PROBLEM REQUIREMENTS
No line before the one holding "Pijama familiar de" is to be copied; that line and all after it, through the end of the listing, are returned exactly, minus pictures.

======== RECORDED INFORMATION

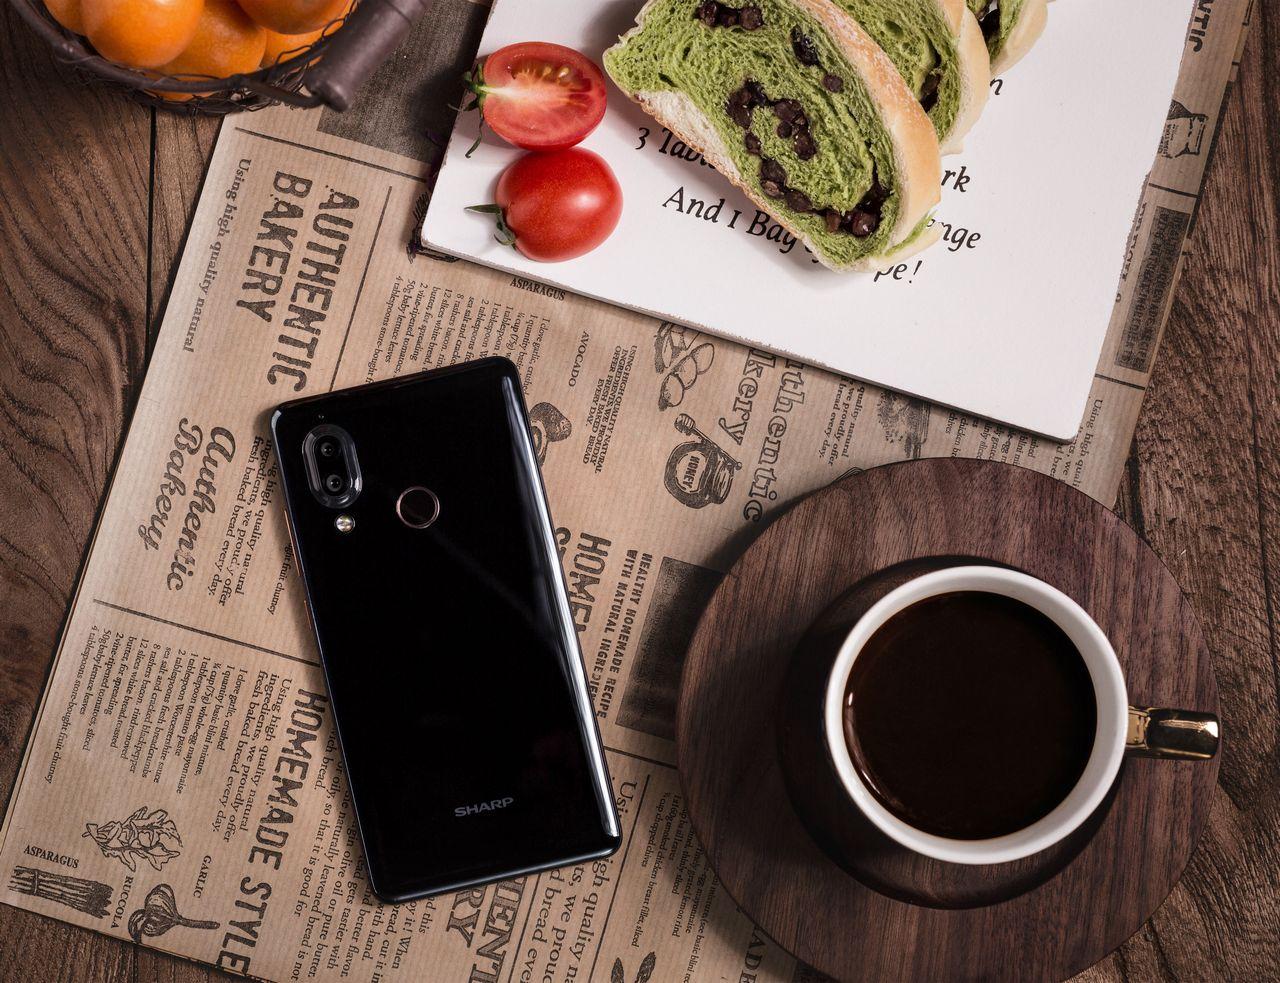 Sharp Aquos S3 với màn hình tai thỏ 6 inch, camera kép, Face ID sẽ ra mắt tại Việt Nam ngày 28/3
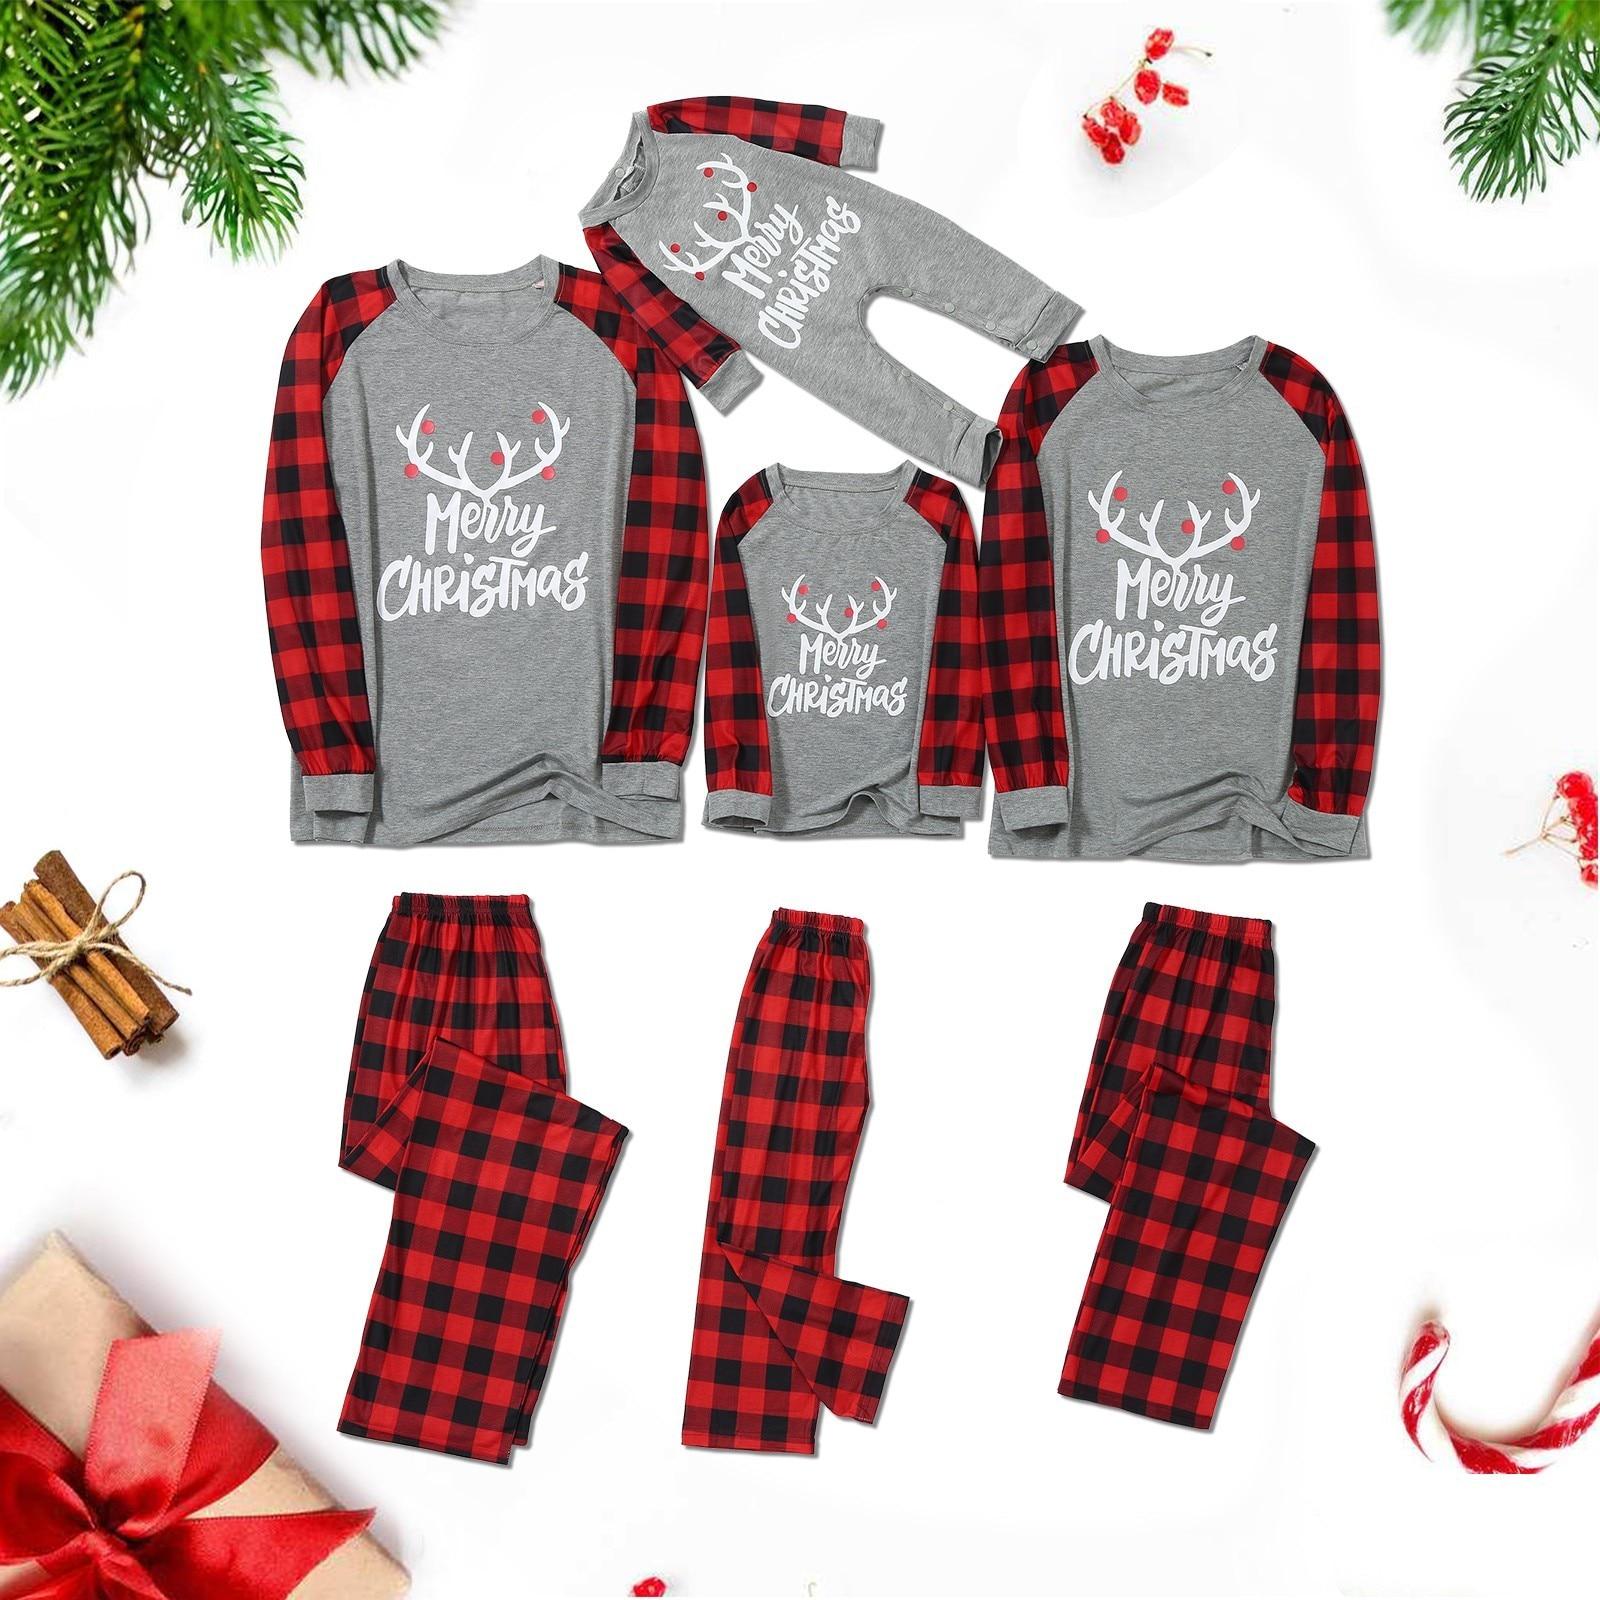 Pijama familiar de navidad con letras a cuadros para niños, Top con...
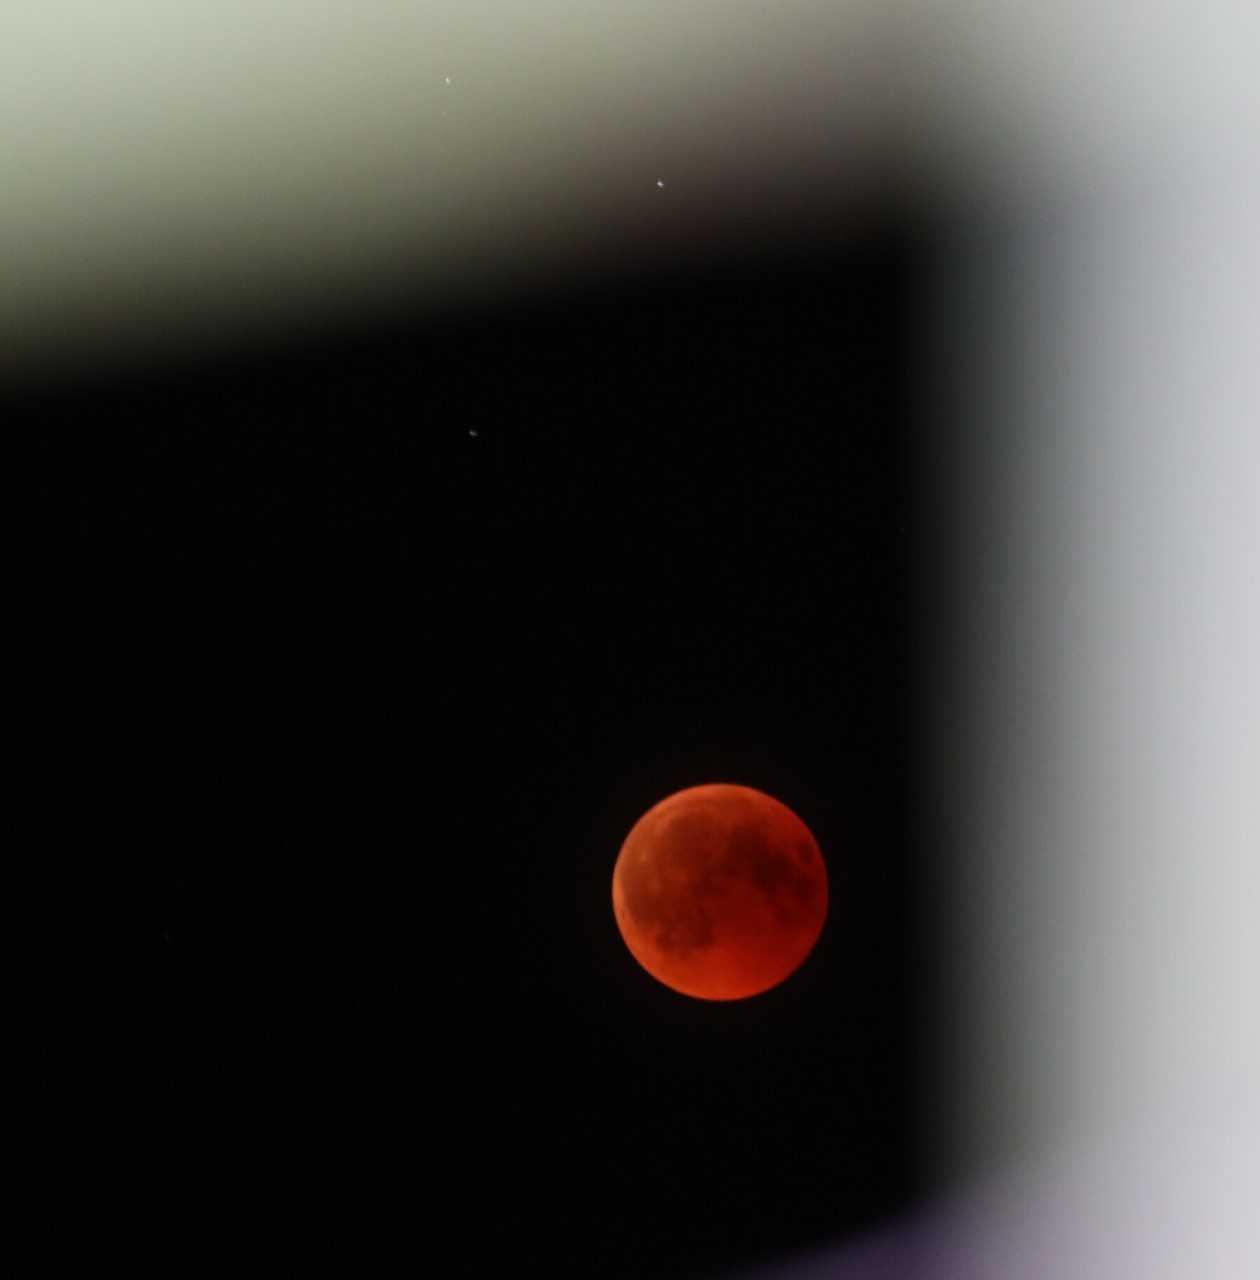 Луната остава винаги видима по време на затъмнения, и се обагря най-често в 1/3 медено, червено или кафяво, защото част от светлината, която влиза в земната атмосфера променя посоката си и осветява Луната.

================

WRITTEN RESPONSE
 Pijama familiar de navidad con letras a cuadros para niños, Top con...
 Луната остава винаги видима по време на затъмнения, и се обагря най-често в 1/3 медено, червено или кафяво, защото част от светлината, която влиза в земната атмосфера променя посоката си и осветява Луната.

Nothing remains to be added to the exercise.